A model’s performance can be validated based on the error in its predictions of observed data. If these predictions involve the same data used to fit the model (i.e. the training and testing data sets are identical), then the errors are the model residuals and are called in-sample or resubstitution error. However, in-sample error underestimates true model error, especially for small sample sizes (Efron 1986; Fielding & Bell 1997; Olden & Jackson 2000; Burnham & Anderson 2002; Olden, Jackson & Peres-Neto 2002). An alternative approach is to use a fully independent validation data set, which provides an independent test of model error and a direct measure of transferability (Fielding & Bell 1997). The downside, of course, is that the test data are not used for model fitting.

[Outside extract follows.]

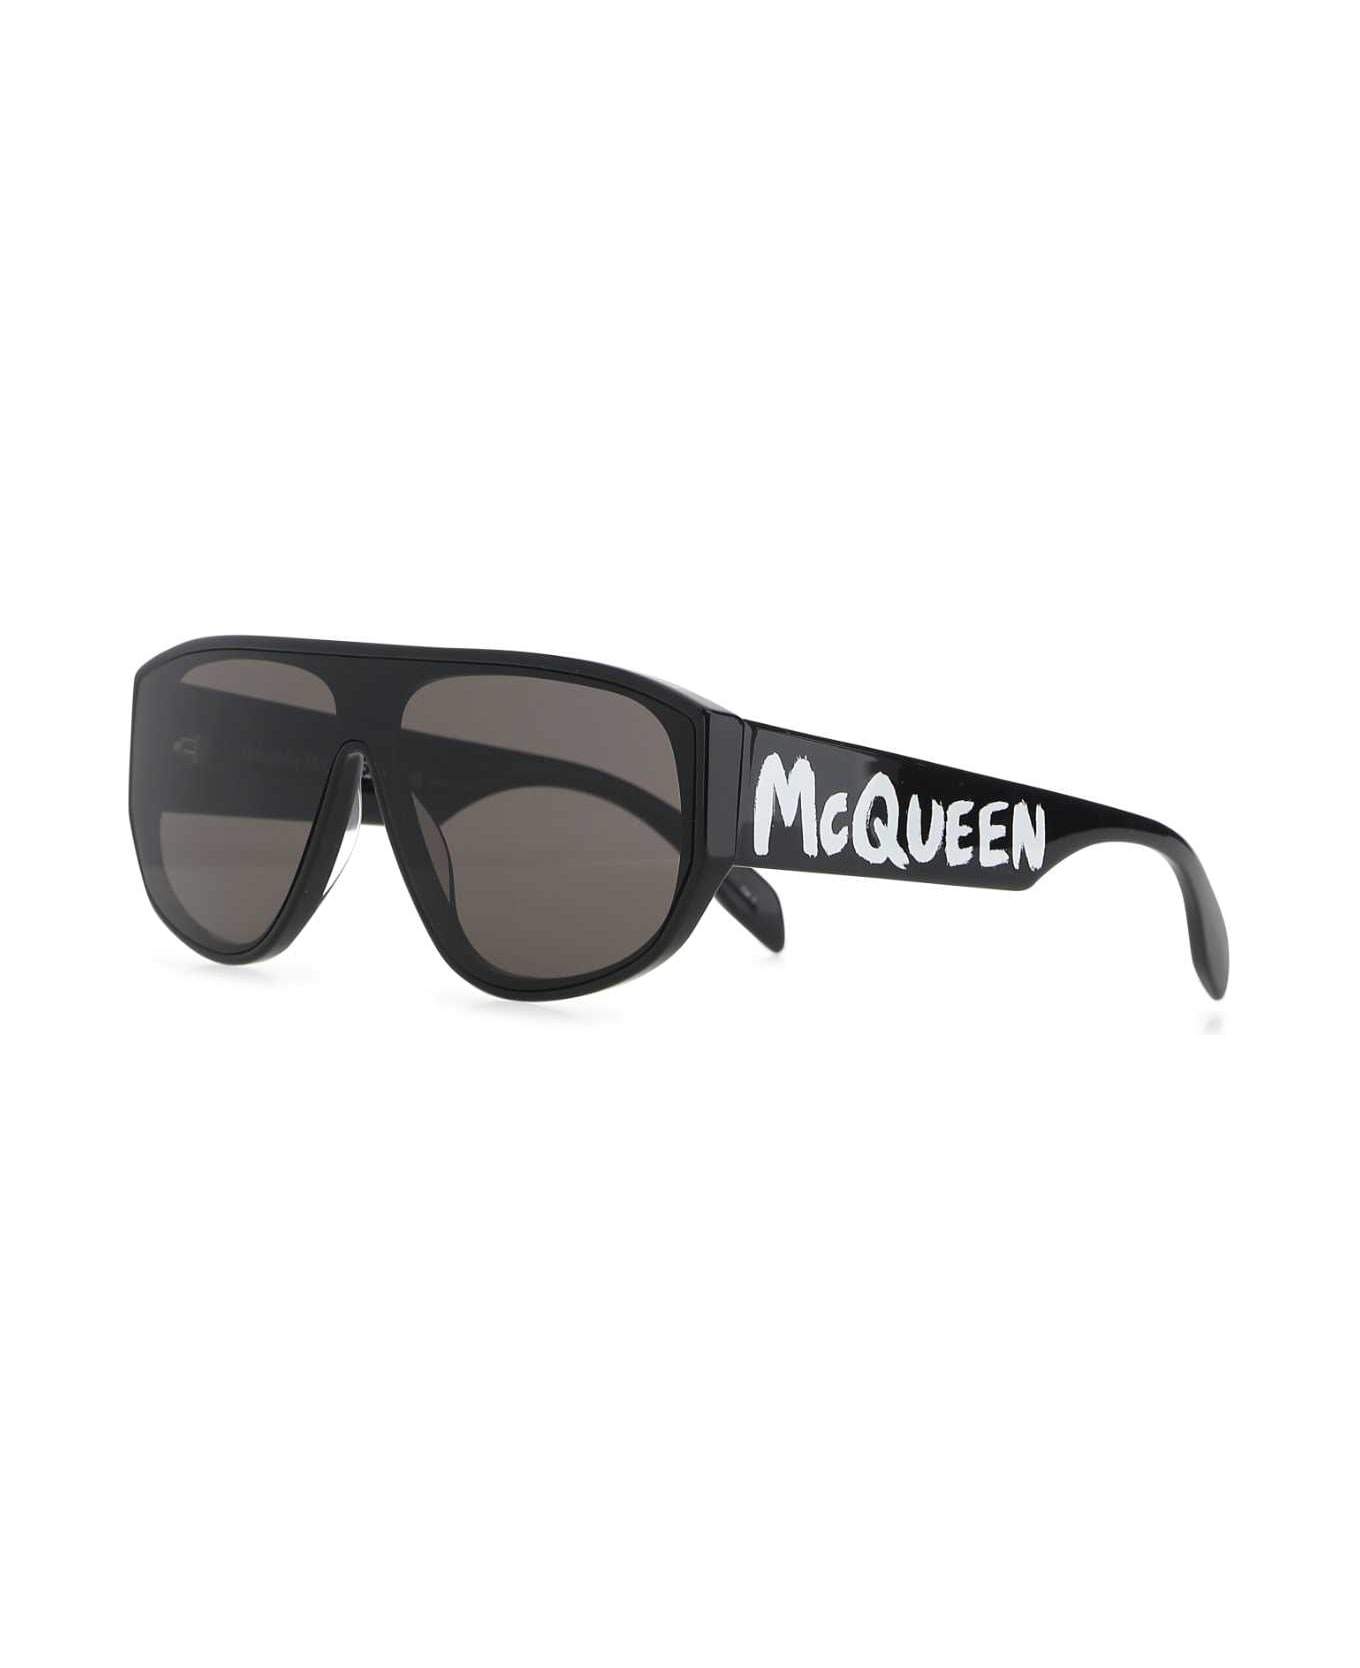 Alexander McQueen Black Acetate Sunglasses - 1056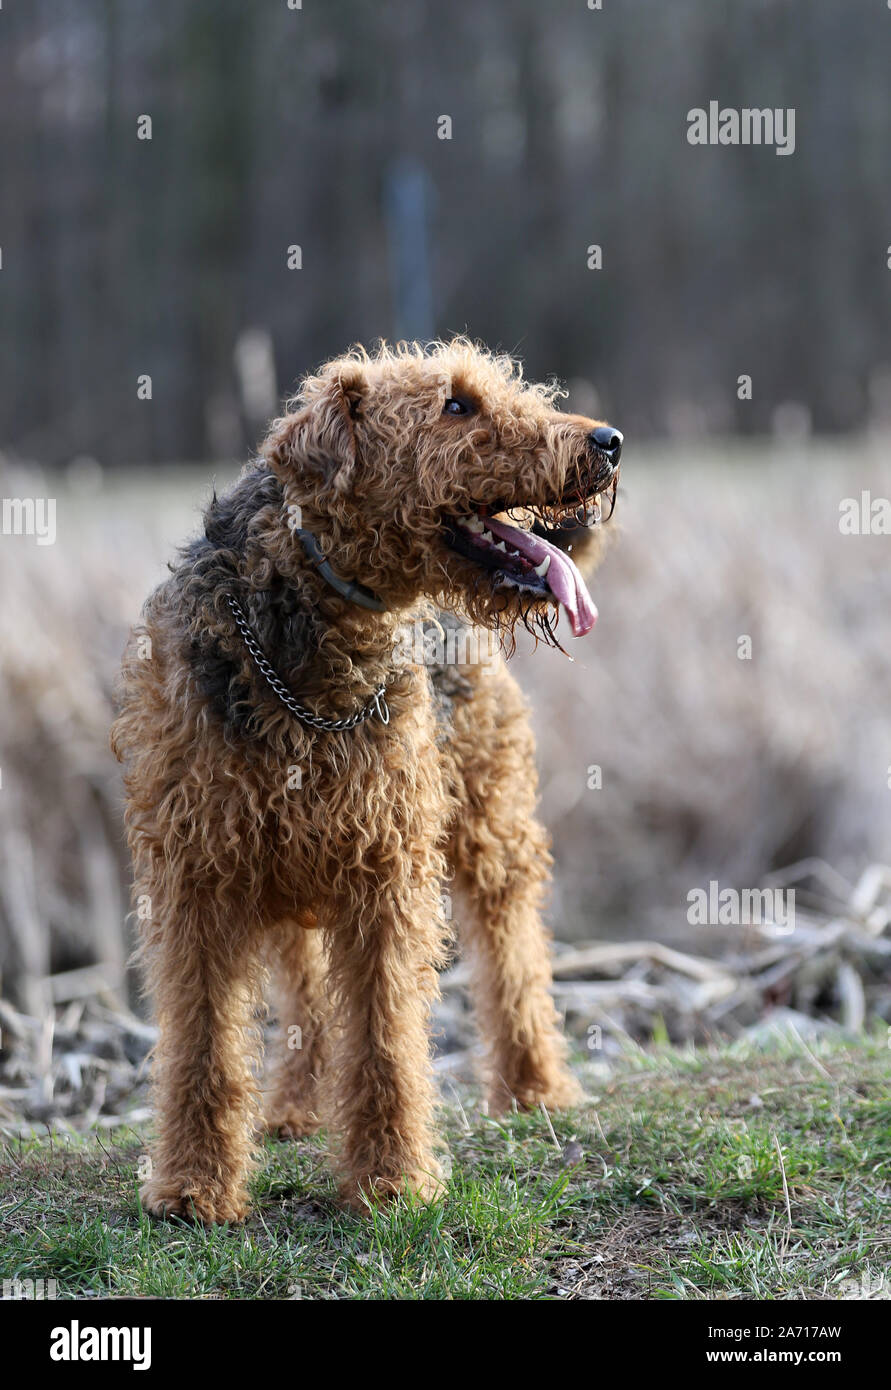 Hund auf Gras, Airedale Terrier, portrait Hund, Hund im Park Stockfoto

A useful compromise is cross-validation, which uses all of the data but also can provide unbiased error estimates. With cross-validation, a portion of the data is withheld for model training, and a different portion is withheld as the test data set. In this way, all data are iteratively used for both training and testing. There are various types of cross-validation depending on what fraction of the data set is excluded from model training and used for validation. In fivefold cross-validation, the data are divided into five groups, and one-fifth of the data are withheld at a time; in n-fold or leave-one-out cross-validation, only one data point is withheld at a time. It has been shown that leave-one-out provides an unbiased estimate of model error, even at small sample sizes (Olden & Jackson 2000) and furthermore that when used as the basis for model selection, it is (asymptotically) consistent with the widely used AIC (Shao 1993). However, neither leave-one-out nor other forms of cross-validation, as conventionally applied, provide an estimate of model transferability. This is because unless sample size is very small, subsamples randomly selected from the full range of data provide an unbiased estimate of the overall relationships in the full data set, but do not necessarily reflect the heterogeneity that may exist across space or time. The problem is compounded when there is autocorrelation in the data, such that for any given data point in the training data set, there is likely to be a similar, correlated data point in the validation data set (Araújo et al. 2005).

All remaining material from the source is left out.